The second option is to take a quantitative approach and select one variable from each group of correlated ones. To do this, you calculate the correlation matrix of all the possible variables and look for blocks of variables that are highly correlated. If your sites are a good cross-section of the region you hope to model, you can more confidently assume that all these correlated variables are describing the same type of habitat. Once the variable groups are defined, you can either choose a variable from each to include or produce some composite variable that describes the group.
The second approach is most justifiable for generic habitat features because the link between the species habitat preference and these variables are probably indirect. For example, songbird distribution might be predicted by the basal area of a forest stand or forest age. These two variables are probably correlated, and both a proxy measure of some unknown or unmeasured variable(s) that the birds need. Including only one of them in the initial model would be justified in this case but would not be justified if forest age and basal area were uncorrelated.
How to select the variables in our final model?
We can use model selection methods to determine which variables we keep in our final model. These methods begin with assessing the fit of our global model using residual plots to determine whether the model is a good fit. You shouldn’t see any patterns in the residuals. Sometimes you might have too many variables and still cannot build a global model. The global model is the base model that was created and trained using field-sampled data of which predictions can be transferred to an area with little to no reference data.
In this case, you should explore the fit of several sub-global models. Make sure to examine the residuals across space and check for overdispersion. If the model fit is poor, you will need to go back to your variable list to look for excluded variables or consider a different modelling approach. If the model fit statistics look okay, then you can proceed with model selection.
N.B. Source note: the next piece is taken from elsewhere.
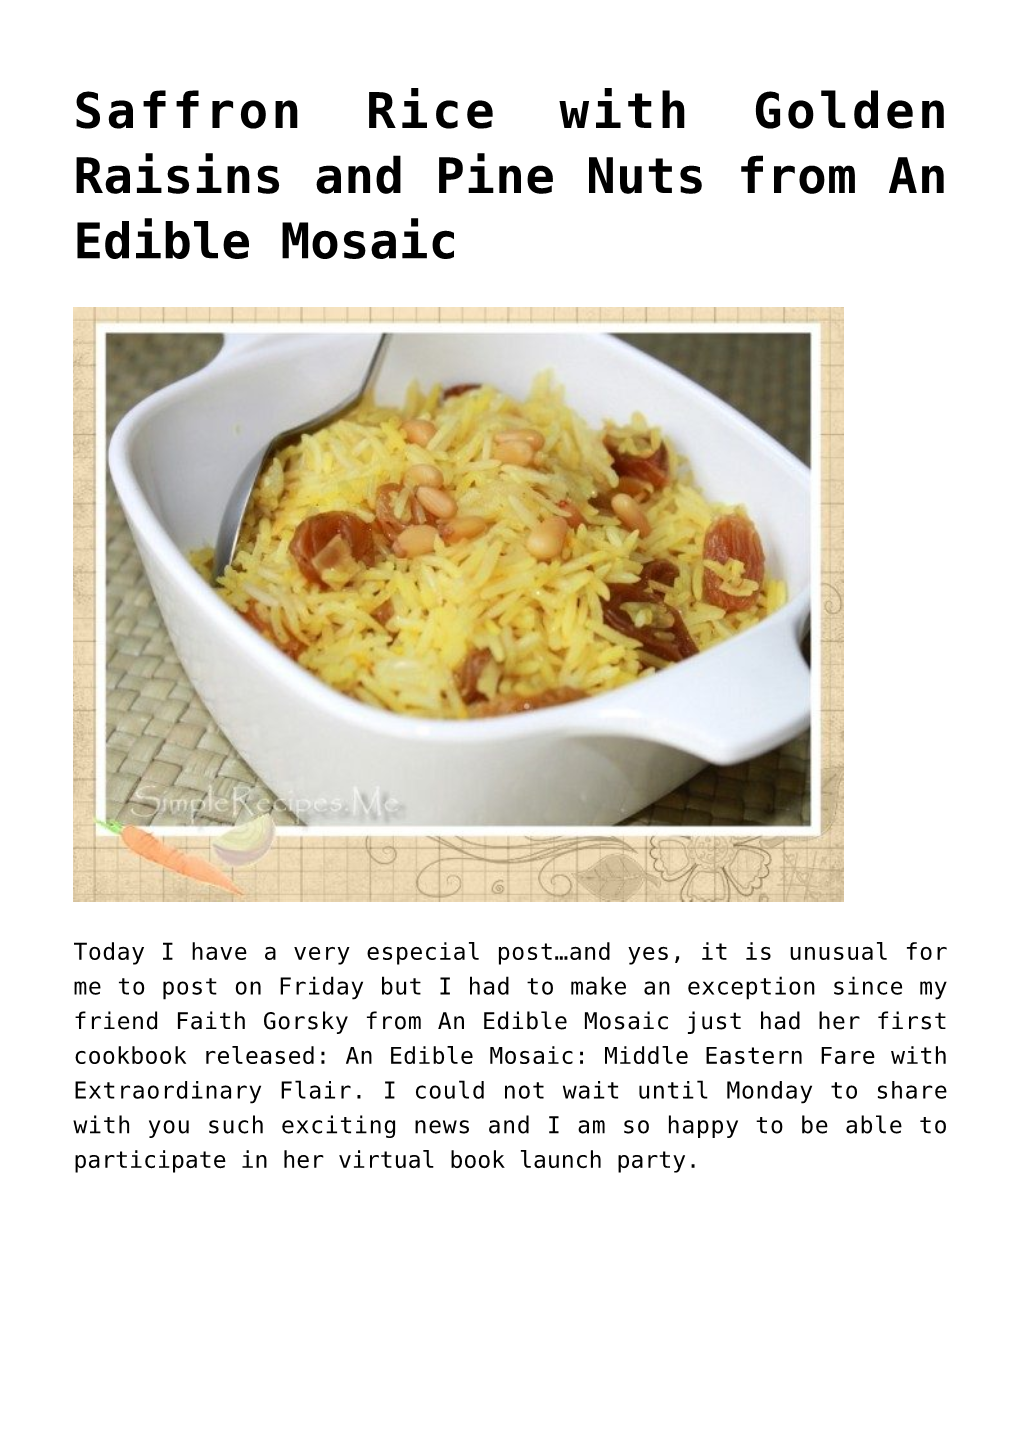 Saffron Rice with Golden Raisins and Pine Nuts from an Edible Mosaic

Information criteria is often used as a model selection tool for SDMs, although removing variables with insignificant is also okay. If you are using information criteria, make sure to correct them for overdispersion and keep an eye out for uninformative variables. The latter are variables with small coefficient estimates and large standard errors that sometimes end up in models with lower information criteria scores. You can use backwards selection from a global model or run all possible model subsets to find the final model with the lowest information criteria score. Your final model could be the model with the lowest information criteria score or a model average combination of the best models.
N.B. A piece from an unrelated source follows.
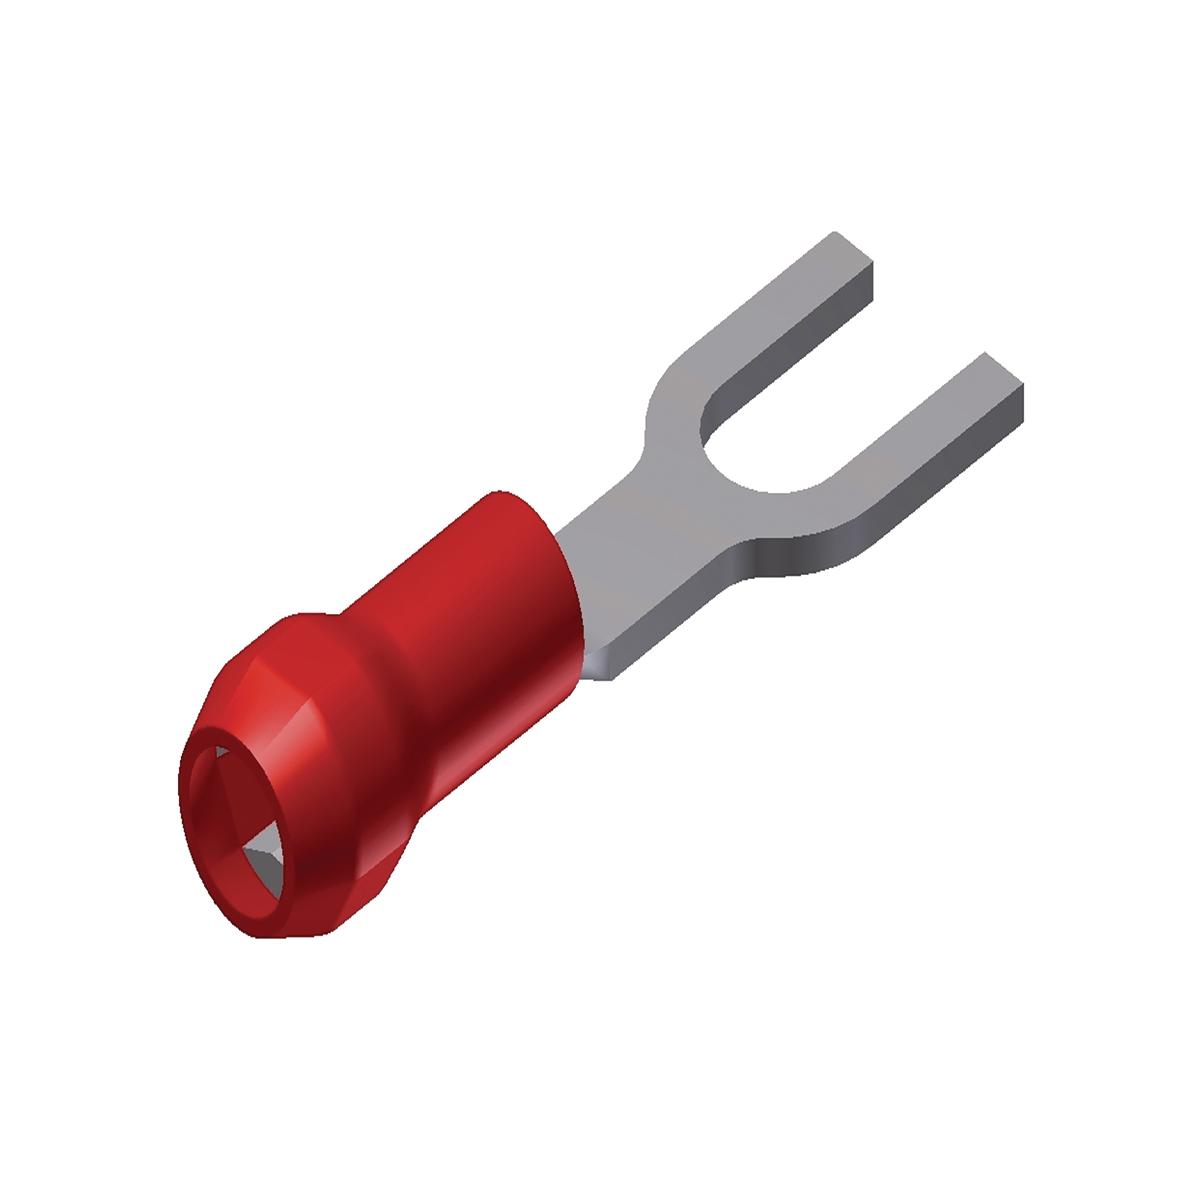 Hubbell YAE18G43FBOX Nylon Fork Terminal For 22 - 18 AWG.  ; Features: INSULUG Type YAE-N-F Nylon Insulated Terminals Are Designed With A Multi-Finger Insulation Grip, Are Rated 105 DEG C And Are Supplied With A Fork Tongue For Easy Terminal Insertion And Removal, 300 V Maxim

Using more than one approach is key.
Species distribution models are challenging because we often have an overwhelming number of variables from remote sensing or field surveys to include in our models. Selecting the most parsimonious list of variables is not so complex once we have a well-specified global model. TThe challenge is how to get from the list of hundreds of possible variables to a list of tens of variables to include in aour global model, we suggest combining your understanding of the species ecology to focus on the most likely variable set to make an initial variable list. Then, examine the correlation between the initial variable list to identify which ones are providing new information about the habitat at your study sites.